I cuochi sono expert brains Più si allenano, più sviluppano abilità

Con il libro ”Come la passione del lavoro modella il cervello” edito Franco Angeli, Antonio Cerasa neuroscienziato che lavora presso Ibfm-Cnr, ha vinto l’edizione 2017 del Premio nazionale di divulgazione scientifica

24 gennaio 2018 | 16:48
di Emanuela Medi
Cosa hanno in comune un musicista, un architetto, un sommelier, un golfista, uno scalatore, un profumiere e un cuoco? Tutti sono expert brains: appartengono a quella categoria d’individui che, grazie a un allenamento estenuante, hanno sviluppato una particolare abilità tale che il cervello si è modellato di conseguenza. Antonio Cerasa non è nuovo a queste ricerche ”cervellotiche” e ha già conosciuto la notorietà mediatica mondiale con uno studio sul cervello dei sommelier. Ora ad ampliare le sue ricerche sono tanti cervelli a partire da quello dei cuochi. Un libro, il suo, che qualsiasi cervello è in grado di leggere e capire e che si avvale di un interlocutore: uno studente un po’ troppo curioso.



11 cuochi della Federazione italiana cuochi (badate, i cuochi sono coloro che dirigono un gruppo di cuochi in cucina) sono stati arruolati e non deve stupire il loro numero esiguo perché lo studio del cervello umano ha una grande affidabilità e attendibilità a livello statistico. Primo punto da capire: i cuochi hanno delle abilità particolari? Test neuropsicologici e risonanza magnetica hanno dimostrato che a livello di personalità tendono ad avere un grado più elevato di instabilità emotiva (livelli di ansia e impulsività più alti). Non solo, il loro cervello differisce da quello della popolazione perché hanno una maggiore densità di neuroni (le cellule del cervello) in tre particolari regioni: la corteccia somatosensoriale, il cervelletto anteriore e quello posteriore: alterazioni che si traducono in una maggiore super-abilità acquisita grazie all’allenamento.

Già abilità. Ma come fa un cuoco a tagliare velocemente le verdure senza guardare le mani e contemporaneamente parlare e dare ordini? Semplicemente perché i recettori che si trovano sotto la pelle delle mani inviano al cervello molte più informazioni rispetto una persona normale e questo è dovuto al fatto che i cuochi hanno allenato il cervello a lavorare molto con il tatto.
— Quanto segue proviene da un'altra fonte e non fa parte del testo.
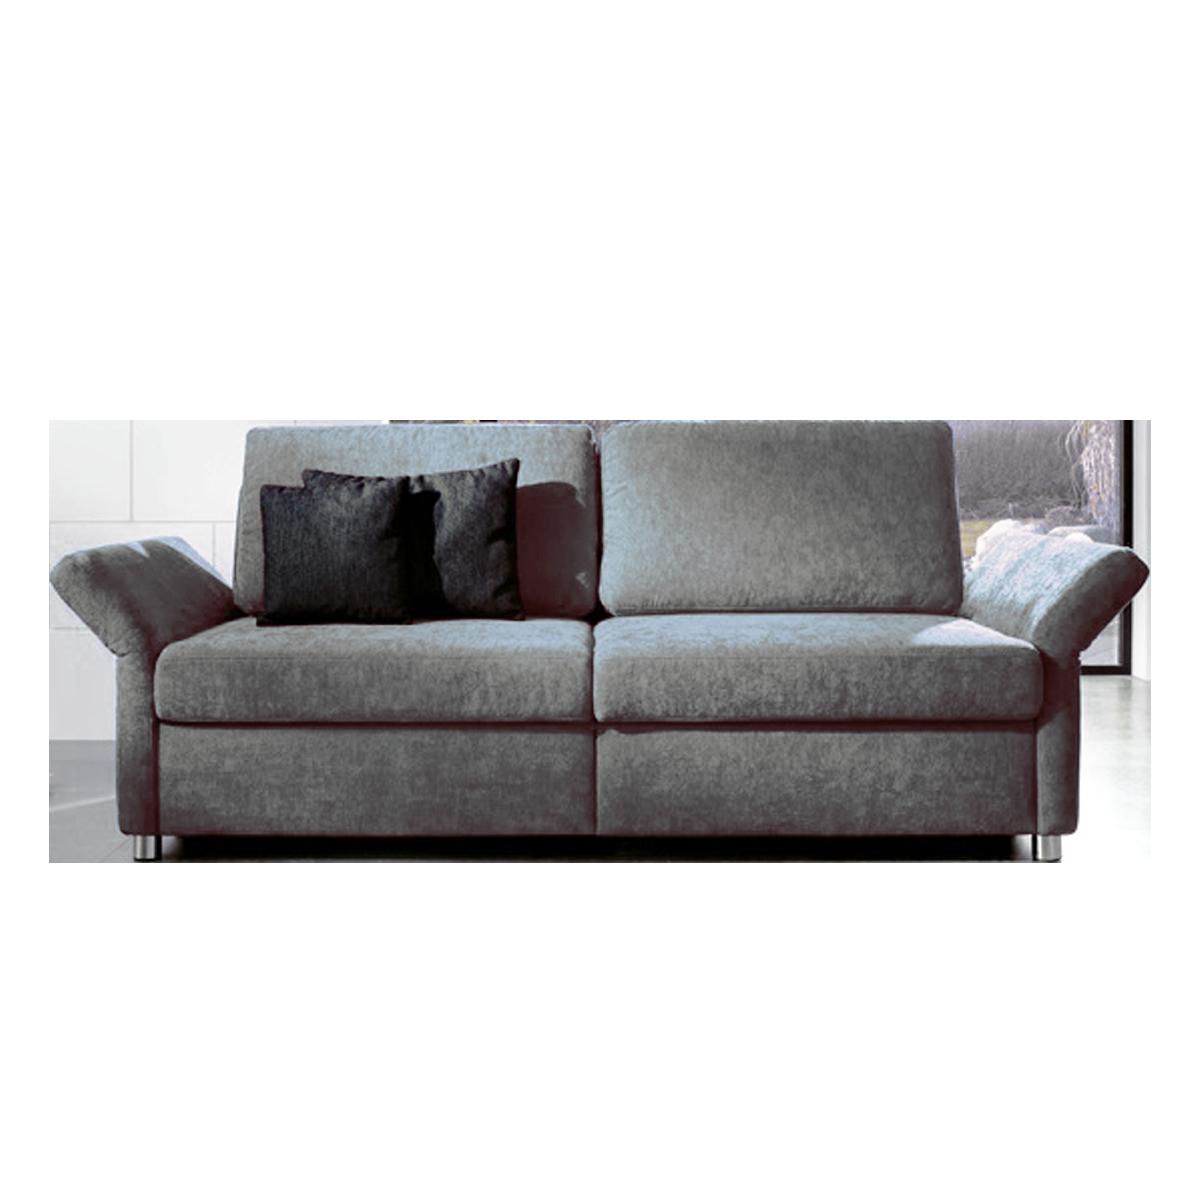 Full Size of Sofa Allround Bezug Grau Metallfe Chrom Einzelsofa 2 Sitzer Modern Leder Vitra Kolonialstil W Schillig Canape Ligne Roset Spannbezug Big Mit Schlaffunktion 2er Sofa Poco Big Sofa

Non solo quando un arto compie un atto motorio migliaia di volte quell’atto viene interiorizzato e si crea un modello interno che si sedimenta nel cervelletto. In altre parole il modello interno del ”tagliare le verdure” si è stabilizzato nel cervelletto e questo ha causato l’aumento di densità neuronale visualizzato dalla risonanza magnetica.
Questa maggiore densità neuronale si traduce nei cuochi in una maggiore abilità motoria e velocità operativa, addirittura correlata con la grandezza della brigata. Insomma, per un cuoco ”più persone sono abituate a essere coordinate nella mia cucina e più materia grigia possiedo”. Quindi per avere il cervello più sviluppato il cuoco non solo deve saper fare il blind cutting ma deve saper coordinare una brigata e coordinare i movimenti.

A livello culturale il cervello del cuoco non è assolutamente diverso da quello di una persona normale se non per una piccola ma significativa differenza: la “Programmazione cognitiva”. Il cervello del cuoco ha anche un’altra piccola cosetta: non solo una densità neuronale nella parte motoria anteriore ma anche cognitiva posteriore il che si traduce in una maggiore capacità di programmare, pianificare oltre a essere più veloci nell’immaginare. Insomma un expert brain.